*** Begin section ***
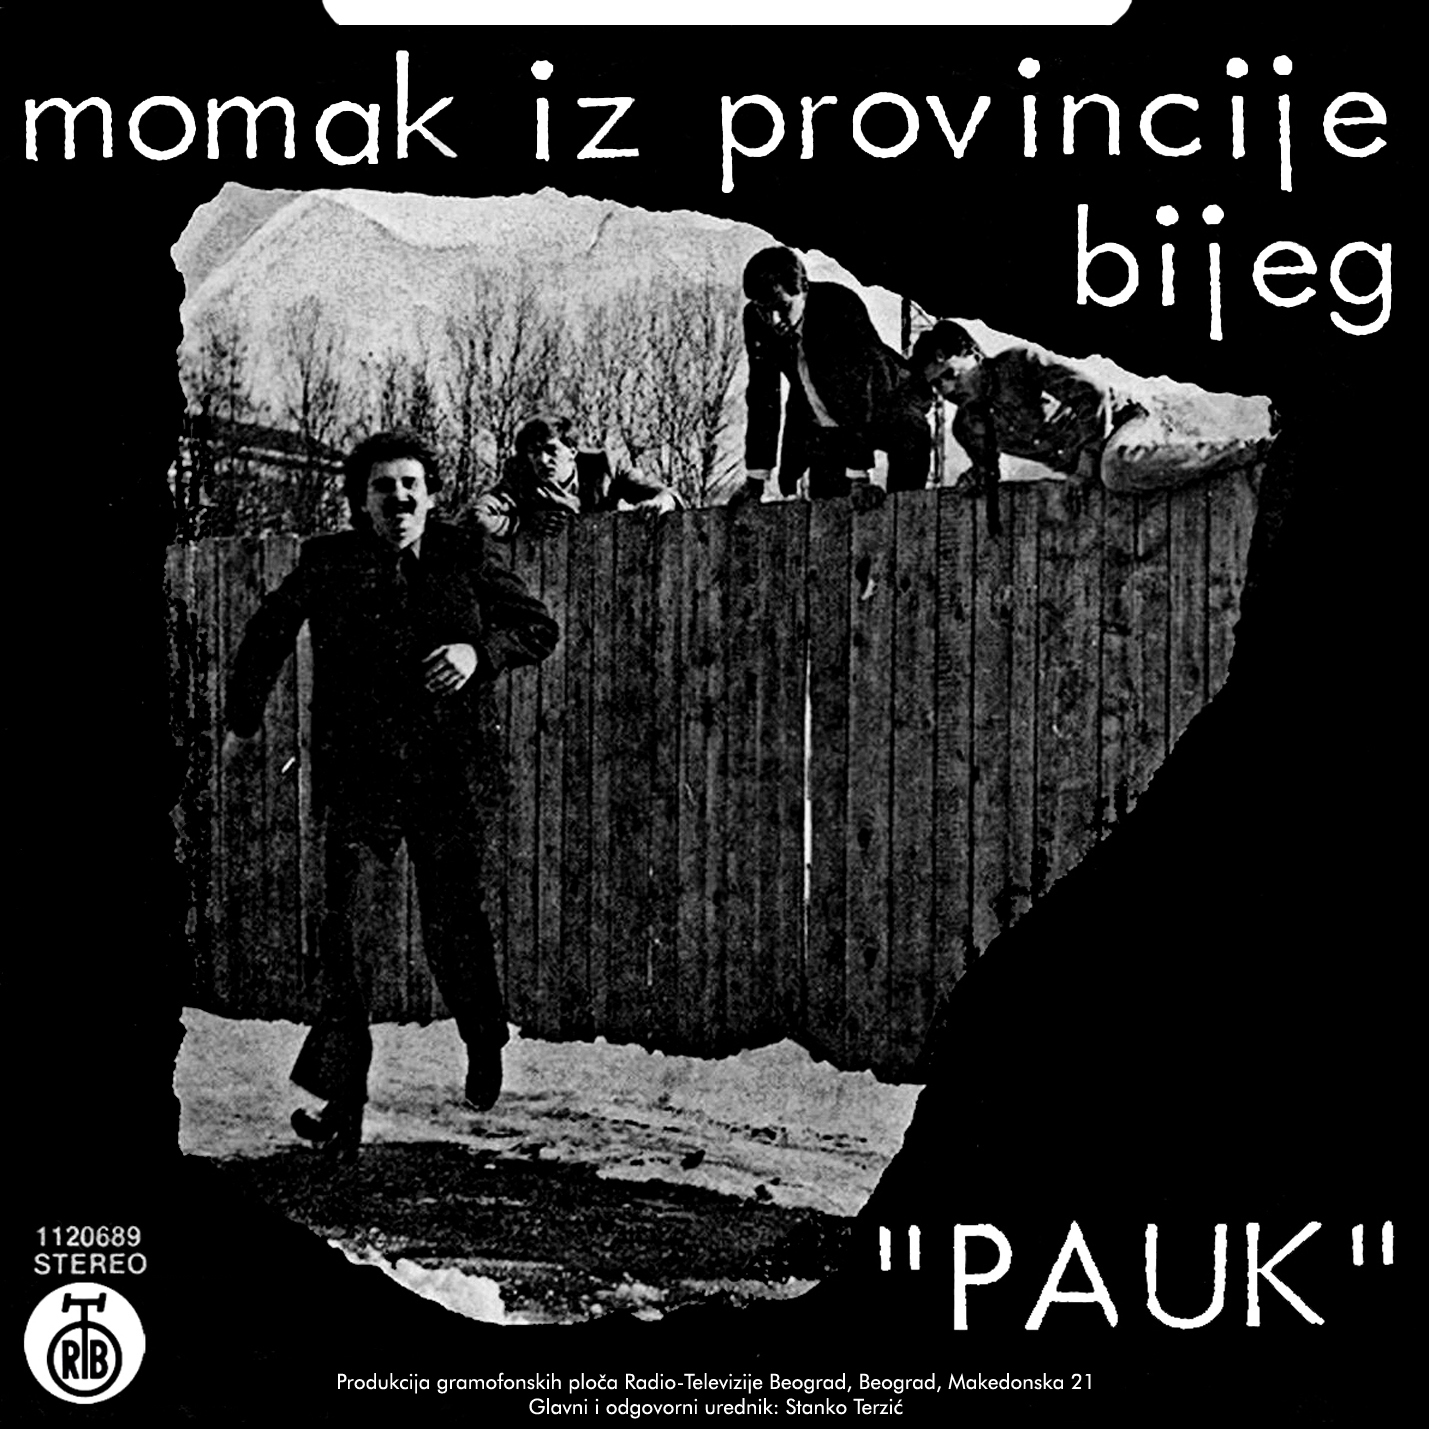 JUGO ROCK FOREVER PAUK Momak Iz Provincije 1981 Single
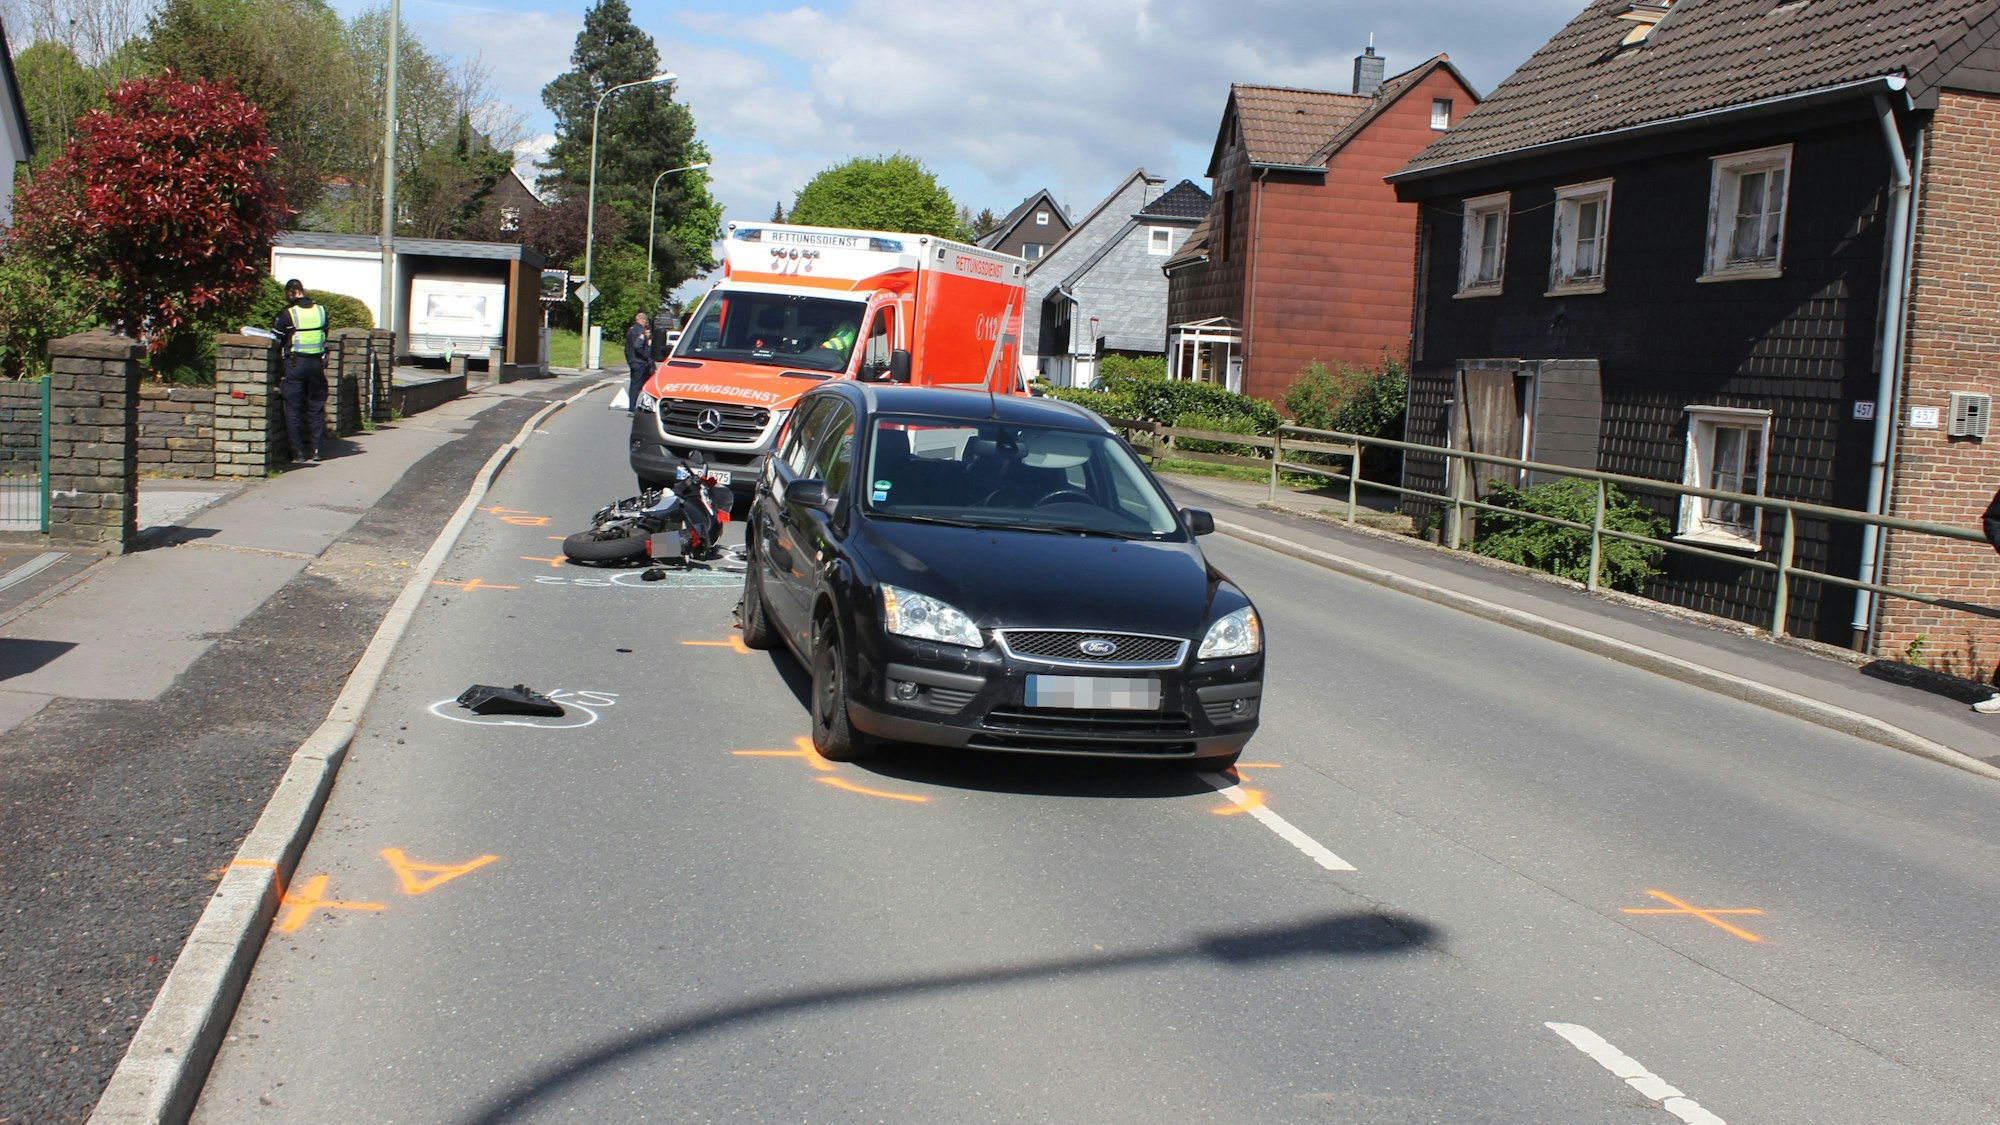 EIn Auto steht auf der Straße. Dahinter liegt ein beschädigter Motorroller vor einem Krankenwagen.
*** End section ***
*** Begin section ***
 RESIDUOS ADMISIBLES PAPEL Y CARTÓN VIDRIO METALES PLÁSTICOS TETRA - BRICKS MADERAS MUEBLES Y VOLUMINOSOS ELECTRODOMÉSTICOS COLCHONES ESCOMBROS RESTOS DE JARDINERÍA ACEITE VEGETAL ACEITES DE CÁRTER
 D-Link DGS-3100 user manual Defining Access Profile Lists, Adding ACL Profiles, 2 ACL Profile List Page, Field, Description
*** End section ***
Within the listing above, write out the stretch from the line with "JUGO ROCK FOREVER" through the line with "EIn Auto steht" exactly. Any pictures are to be left out.

#### TASK RESULT
 JUGO ROCK FOREVER PAUK Momak Iz Provincije 1981 Single
 EIn Auto steht auf der Straße. Dahinter liegt ein beschädigter Motorroller vor einem Krankenwagen.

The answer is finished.